Two 'thats':
(1.) There is some kind of deep difference between the philosophy of Plato and that of Aristotle. (This seems to be so, even if we are unsure of how that difference is to be characterized.)Now, how to deal with this? One way is to characterize (1.) in such a way that it becomes necessary to explain away (2.): thus Jaeger, who understands the difference to be that between an other-worldly and metaphysical rationalism, and a this-wordly and anti-metaphysical empiricism. The latter viewpoint simply cannot accommodate any significant portions of the former. Jaeger therefore needs to explain away the Plato-sounding passages in Aristotle by appeal to developmentalism: those passages really are passages that Plato could have written, but they belong to an early, platonizing period of Aristotle's development.

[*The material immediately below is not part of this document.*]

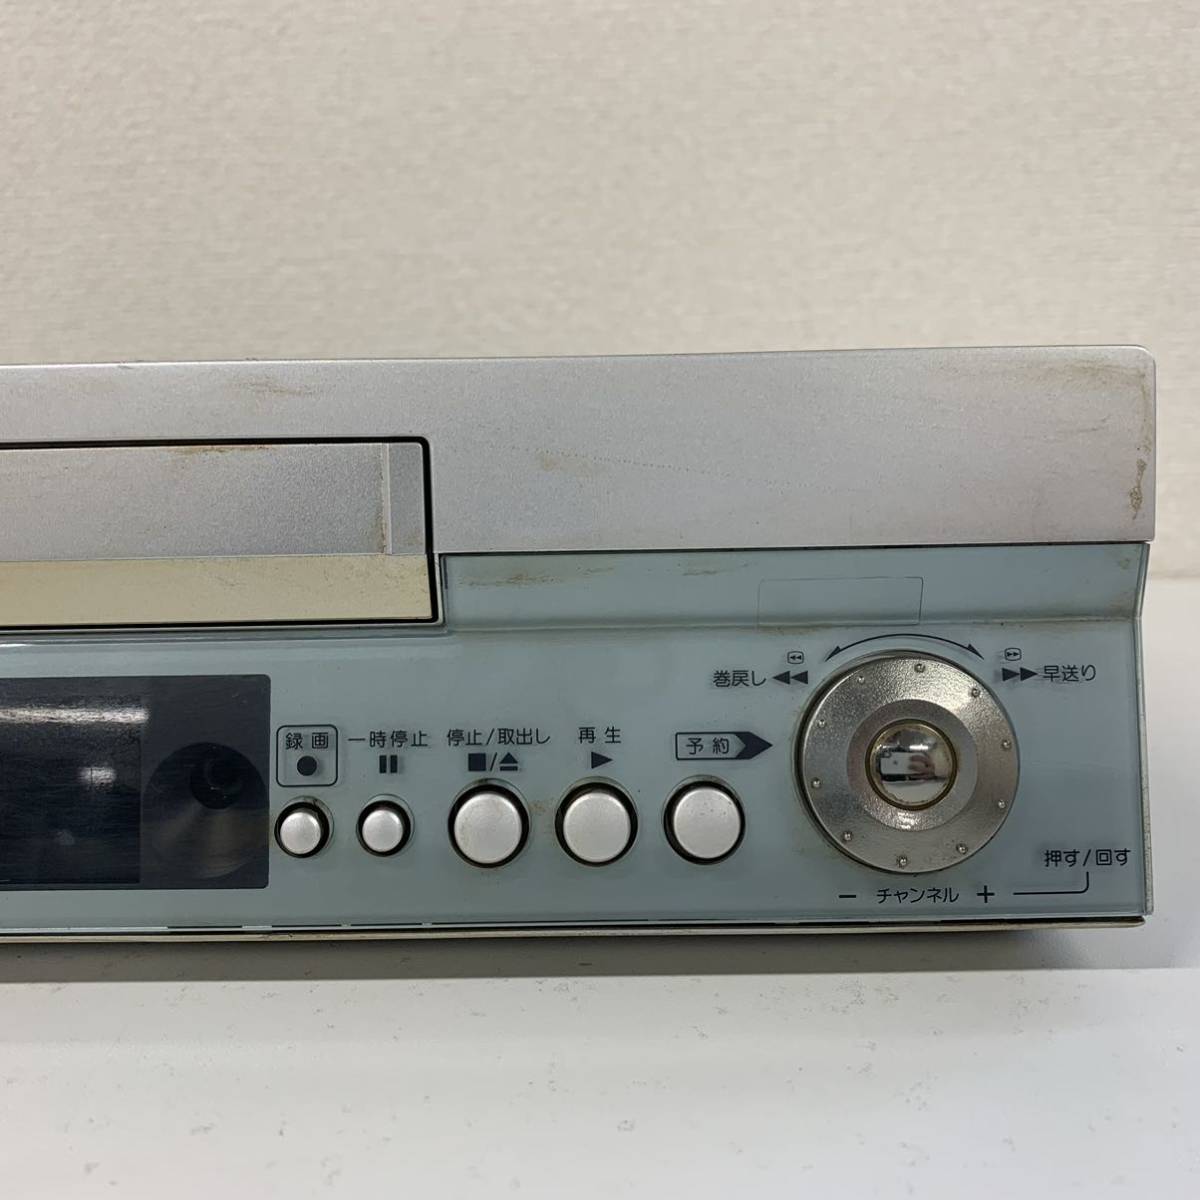 [Ga2] VICTOR HR-S500 видео кассета магнитофон электризация Victor VHS текущее состояние товар Ω291-9
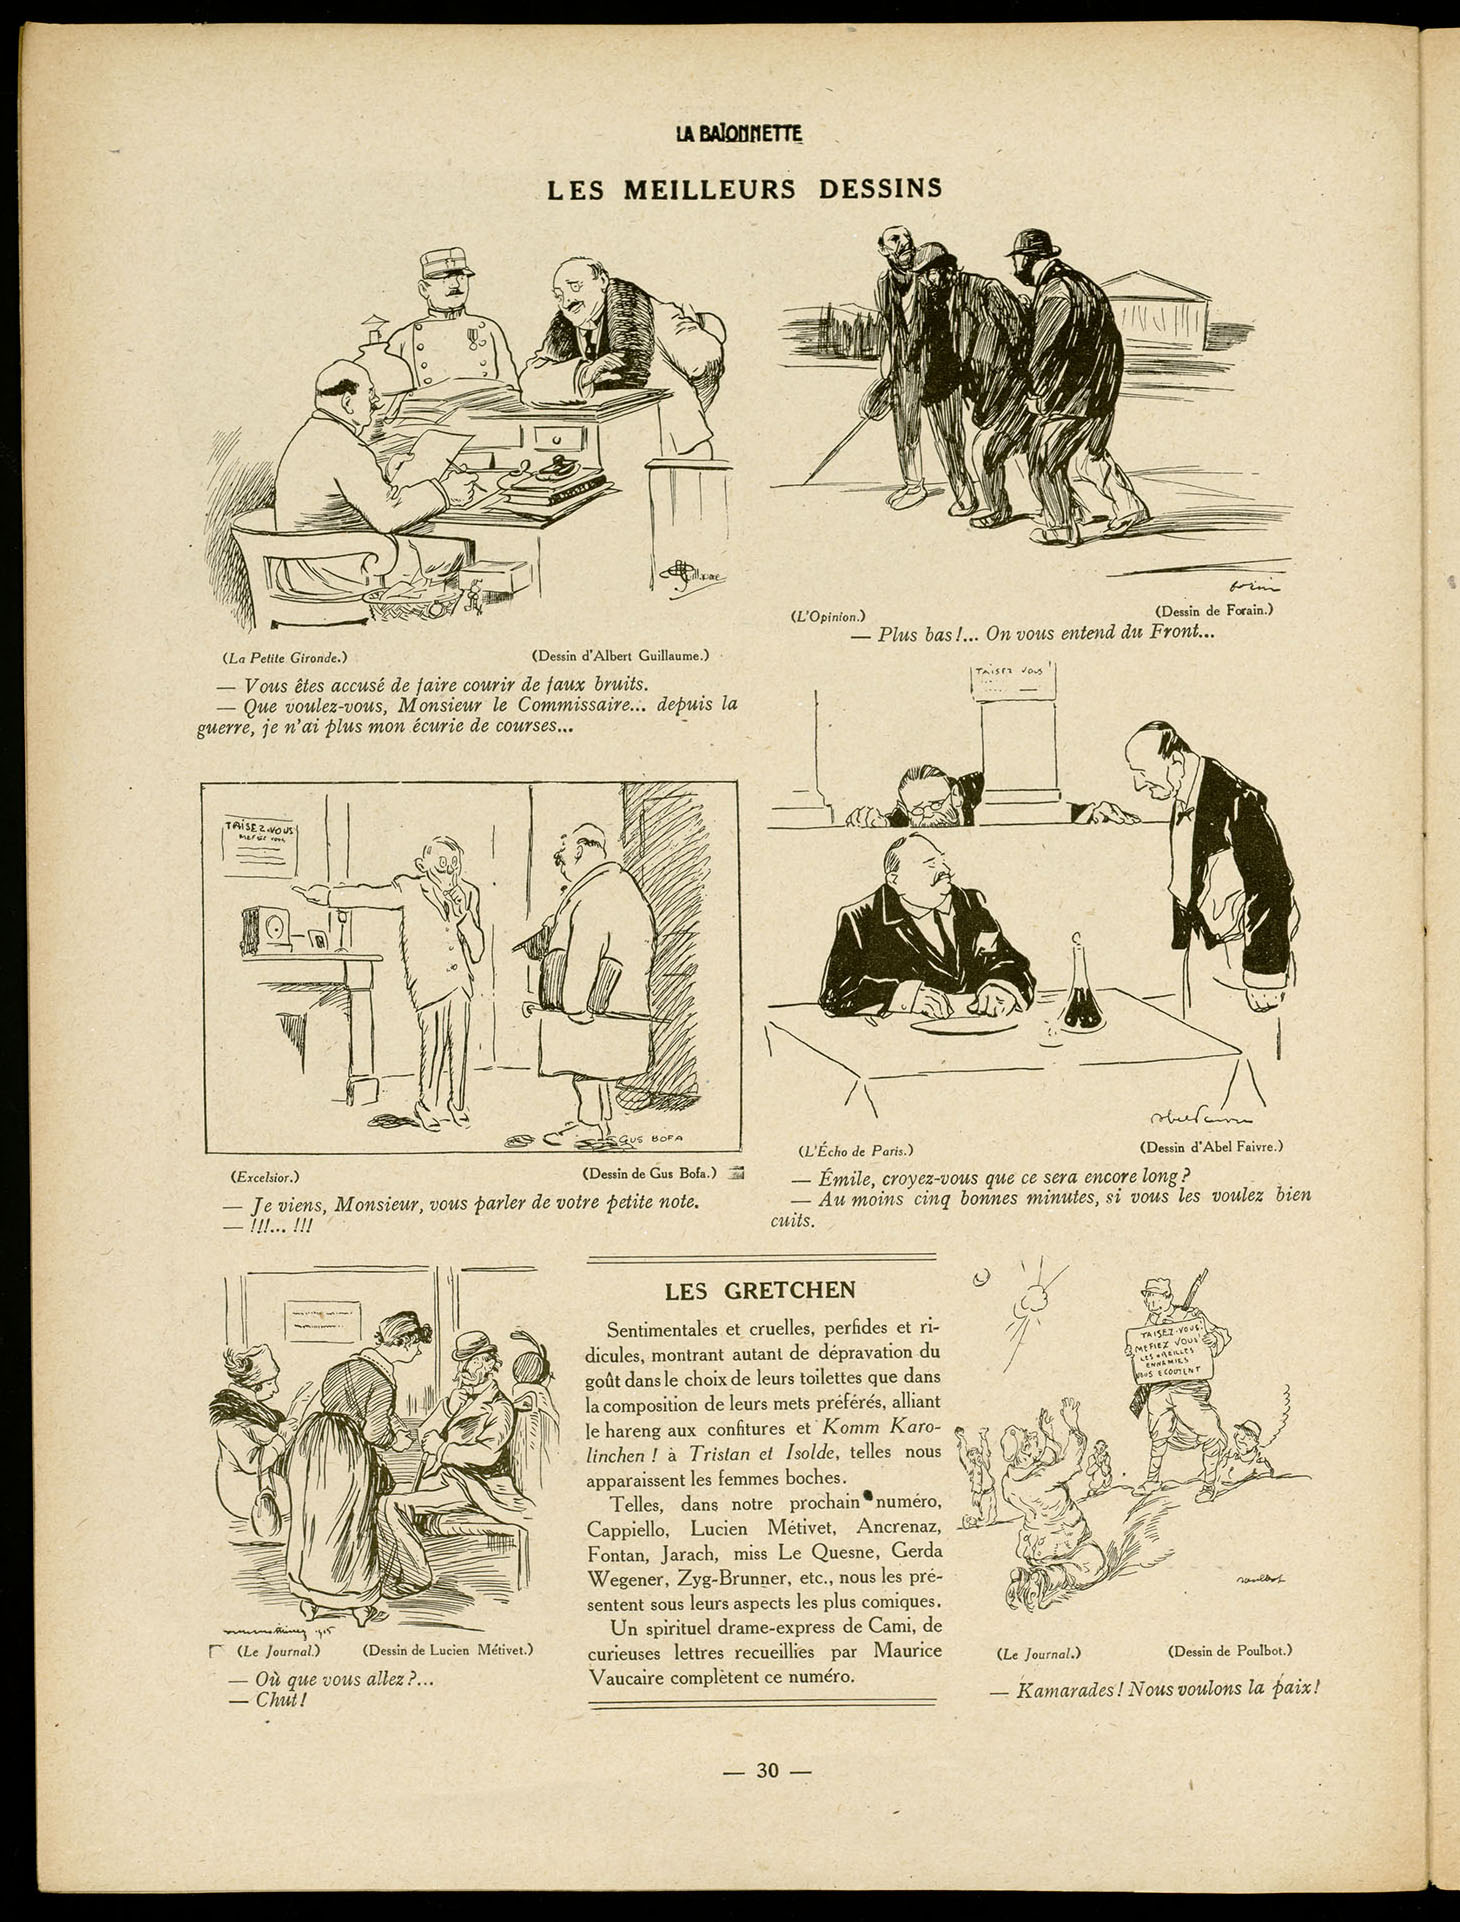 Rubrique "Leurs meilleurs dessins" de La Baïonnette du 13 janvier 1916. BM Reims, PER VIII 080

(2.) There are many passages in Aristotle that look like passages in Plato, or passages that Plato might have written. (They seem that way, even we are unsure what their sense is ultimately.)
Gerson, insofar as he explores a 'harmony' between Plato and Aristotle in the spirit of the neoplatonists, takes a different approach. He characterizes (2.) in such a way that it becomes necessary to explain away (1.). The neoplatonists held that those passages in Aristotle that look like Plato could have written them really do say much the same as what Plato said. But from this one is meant to conclude-- contrary to what is commonly thought in modern times--that there are no deep differences between Aristotle and Plato: Aristotle is a Platonist; and the disagreements between them are on the level of a quarrel within a school.
Gerson quotes something from Gilson as an example of the view he wishes to call into question:
...reduced to their bare essences, these metaphysics are rigorously antinomical; one cannot be for the other without being against all those who are with the other, and that is why Saint Thomas remains with Aristotle against all those who are counted on the side of Plato.There is perhaps some irony in the fact that, although Gerson understoods his book as a contributing to a critique of Jaeger, he apparently shares with Jaeger the view that the Plato-sounding passages in Aristotle are of a piece with Platonic philosophy. Gerson disagrees with Jaeger on how to resolve the difficulty posed by (1.) and (2.), but they are agreed in taking the Plato-sounding passages to be truly platonic.
To this, I think, we need to bring to bear the criterion that we had adopted for evaluating Gerson's approach. We said that Gerson's exploration of a harmony, in the spirit of the neoplatonists, is saved from being an 'exercise in historical perversity' precisely to the extent that it yields exegetical and philosophical fruit. But is it fruitful to read Aristotle's Plato-sounding passages in that way--as platonic? I do not prejudge an answer to this question; I simply raise the question.
In my next post, I'll consider a specific example, namely, Gerson's treatment of a passage in Aristotle which seems similar to those passages in Plato that recommend 'assmilation to God' as the goal of human life. As Gerson explains in his introduction:
There is not much Neoplatonic commentary material on Aristotle's ethical writings. It is, however, possible to piece together something that can legitimately be called a Neoplatonic reading of the Nicomachean Ethics and to show how on this reading the view of happiness and virtue there is in harmony with the central idea of Neoplatonic ethics: namely, assimilation to the divine (21).The question is: Is the passage in Aristotle illuminated by taking him to be saying (more or less) what Plato says?